Он сел рядом, поверх покрывала, обнимая ее, и она прижалась, сползая ниже, так что и он лег, уложив голову рядом с ее головой на тощую подушку. Ее волосы щекотали ему скулу и она, высвободив руку, привычным движением забрала их в горсть и, закручивая, убрала за спину, чтоб не мешали.
— Вот. Слушай.
А потом она заснула, привалившись виском к его плечу. Замолчала на полуслове, и он ждал, думая, подыскивает слова. Что-то спросил тихонько. Она вздохнула и, сползая, устроилась удобнее, роняя голову на его грудь.
Уложил ее, поправил подушку, укрыл, морщась и гоня воспоминания — точно так укладывал маленького Пашку, когда тот, наревевшись, забывал про ушибленный локоть.
И лег сам на свою кровать, закинув руку за голову и глядя в светлеющее окно. В выдвинутом ящике тумбочки лежал раскрытый мокрый паспорт. Но он про него не думал. Выстраивал в голове рассказанное, и последовательно говорил, отвечал ей сейчас, когда она спит и не слышит.
— Отец перестал любить меня, когда я в первый раз накрасила губы, — сказала с горьким смешком, — вот просто перестал смотреть в мою сторону и говорить со мной. Только обычное — налей супу, за молоком сходила?
— Не перестал! Ты выросла и он испугался. Вокруг женщины, и к ним можно относиться как к женщинам, по-мужски. А как быть, если одновременно и дочь и вдруг женщина? Не каждый мужчина сумеет выбрать верный тон. Твой отец не сумел.
— Мама… она ведь знала, долго знала, что изменяет, и делала вид, что ничего не происходит. А потом, когда я спросила прямо, знаешь, что ответила? Ох, доченька, а как же мы проживем без его зарплаты. Разве это правильно? Это же будто она продала себя! Продавала.

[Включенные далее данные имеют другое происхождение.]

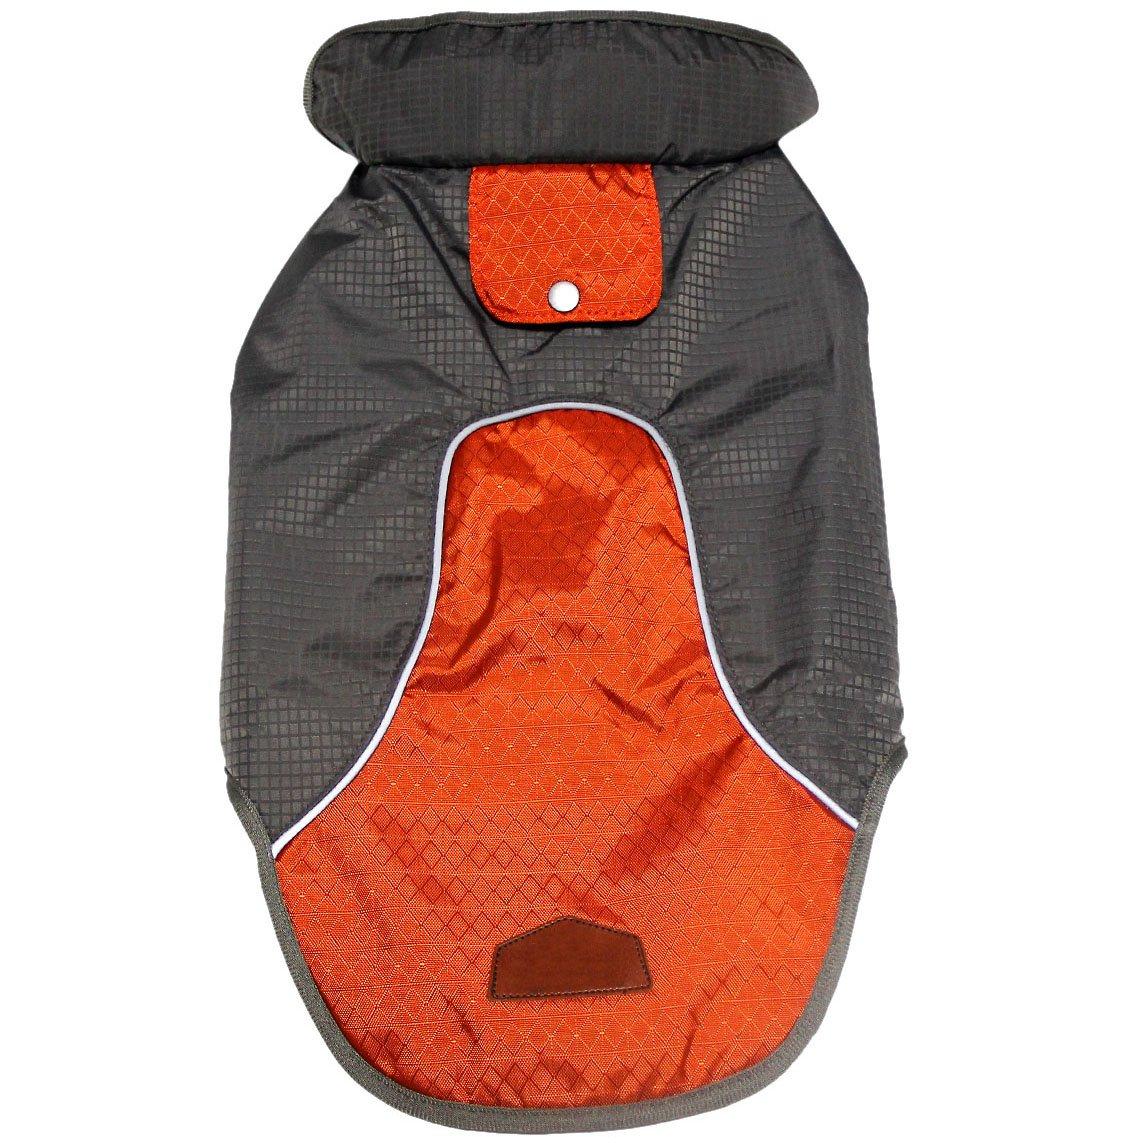 JoyDaog Premium Outdoor Sport Waterproof Raincoat Dog Jacket,Super Breathable Mesh Lined Dog Coats for Small Dogs, Orange L by JoyDaog

Так нельзя!
— Глупости. Твоя мама просто его любила. И если он все еще звонит, а она отвечает, значит и сейчас любит. А тебе сказала ерунду, потому что о любви говорить стыдно. Ты молодая, и ты была уверена, что все в мире для вас — молодых. Она испугалась. И прикрылась тем, что как ей кажется, ты должна бы понять, приземленным, более простым.
— Теперь я ее понимаю лучше, — после паузы говорила она глухим голосом, — потому что как я теперь буду жить? Драться за алименты? Я помню, как они там, мужики, возмущались бывшими женами, которым только и нужны алименты. Хотела б я думать, что Никас поступит по-другому, но последние пару лет я вообще всегда сижу без денег, Женьке иногда игрушку купить не на что, а у Никаса всякий раз отговорки… и вот теперь у него, кажется, другая женщина, и если он поступит как многие? А Женька вырастет и мне потом скажет — почему, мама, мы с тобой жили на копейки? Ты не сумела с отцом договориться?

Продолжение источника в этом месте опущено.